Exercise description.
Go through the data and copy each line where the word "main" shows up.

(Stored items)
____
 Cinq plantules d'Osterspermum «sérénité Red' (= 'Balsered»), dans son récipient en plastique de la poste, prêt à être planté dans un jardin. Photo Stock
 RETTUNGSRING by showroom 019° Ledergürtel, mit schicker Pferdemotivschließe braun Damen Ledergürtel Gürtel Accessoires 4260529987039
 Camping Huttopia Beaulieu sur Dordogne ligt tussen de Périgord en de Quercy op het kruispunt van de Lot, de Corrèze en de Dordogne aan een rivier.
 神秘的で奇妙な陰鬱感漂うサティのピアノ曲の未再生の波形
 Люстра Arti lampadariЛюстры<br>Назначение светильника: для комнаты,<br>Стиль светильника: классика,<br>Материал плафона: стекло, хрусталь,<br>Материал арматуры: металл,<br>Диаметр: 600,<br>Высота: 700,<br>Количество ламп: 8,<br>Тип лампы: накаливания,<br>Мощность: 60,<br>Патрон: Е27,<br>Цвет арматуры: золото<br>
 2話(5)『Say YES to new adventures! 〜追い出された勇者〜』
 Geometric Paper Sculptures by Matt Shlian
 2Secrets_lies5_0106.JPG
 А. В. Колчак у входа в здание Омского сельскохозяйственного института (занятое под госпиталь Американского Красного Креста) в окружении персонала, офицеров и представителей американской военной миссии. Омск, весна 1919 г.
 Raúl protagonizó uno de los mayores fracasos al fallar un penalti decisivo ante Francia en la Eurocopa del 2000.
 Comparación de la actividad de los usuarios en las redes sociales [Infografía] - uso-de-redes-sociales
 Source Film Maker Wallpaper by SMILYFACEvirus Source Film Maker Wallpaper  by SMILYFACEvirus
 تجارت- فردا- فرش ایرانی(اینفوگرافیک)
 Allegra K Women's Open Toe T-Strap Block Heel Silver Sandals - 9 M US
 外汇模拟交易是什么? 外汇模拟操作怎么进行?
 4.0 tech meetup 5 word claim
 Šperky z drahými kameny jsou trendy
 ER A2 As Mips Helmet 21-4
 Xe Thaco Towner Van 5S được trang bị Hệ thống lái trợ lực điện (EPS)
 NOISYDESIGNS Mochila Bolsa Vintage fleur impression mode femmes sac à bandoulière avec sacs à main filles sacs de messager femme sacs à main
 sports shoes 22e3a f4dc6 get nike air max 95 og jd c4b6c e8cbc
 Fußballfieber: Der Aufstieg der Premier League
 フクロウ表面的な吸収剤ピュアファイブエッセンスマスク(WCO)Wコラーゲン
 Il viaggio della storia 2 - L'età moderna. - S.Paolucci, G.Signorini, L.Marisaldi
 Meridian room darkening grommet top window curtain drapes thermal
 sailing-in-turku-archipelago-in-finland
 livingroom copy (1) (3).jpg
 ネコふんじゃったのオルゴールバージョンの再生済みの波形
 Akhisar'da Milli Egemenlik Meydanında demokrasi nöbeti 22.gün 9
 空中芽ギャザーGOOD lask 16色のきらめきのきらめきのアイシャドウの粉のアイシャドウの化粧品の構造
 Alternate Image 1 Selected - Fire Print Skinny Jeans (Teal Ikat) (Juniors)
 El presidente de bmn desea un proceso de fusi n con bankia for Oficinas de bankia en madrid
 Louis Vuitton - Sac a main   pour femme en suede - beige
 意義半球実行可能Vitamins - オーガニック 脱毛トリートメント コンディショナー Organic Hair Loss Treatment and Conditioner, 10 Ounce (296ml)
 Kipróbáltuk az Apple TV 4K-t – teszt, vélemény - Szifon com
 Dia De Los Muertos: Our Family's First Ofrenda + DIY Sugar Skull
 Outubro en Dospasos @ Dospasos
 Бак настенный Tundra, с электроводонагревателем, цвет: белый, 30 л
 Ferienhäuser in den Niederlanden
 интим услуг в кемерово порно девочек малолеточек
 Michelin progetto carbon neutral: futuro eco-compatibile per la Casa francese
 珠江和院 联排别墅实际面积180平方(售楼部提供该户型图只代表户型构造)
____
Expected answer.
 NOISYDESIGNS Mochila Bolsa Vintage fleur impression mode femmes sac à bandoulière avec sacs à main filles sacs de messager femme sacs à main
 Louis Vuitton - Sac a main   pour femme en suede - beige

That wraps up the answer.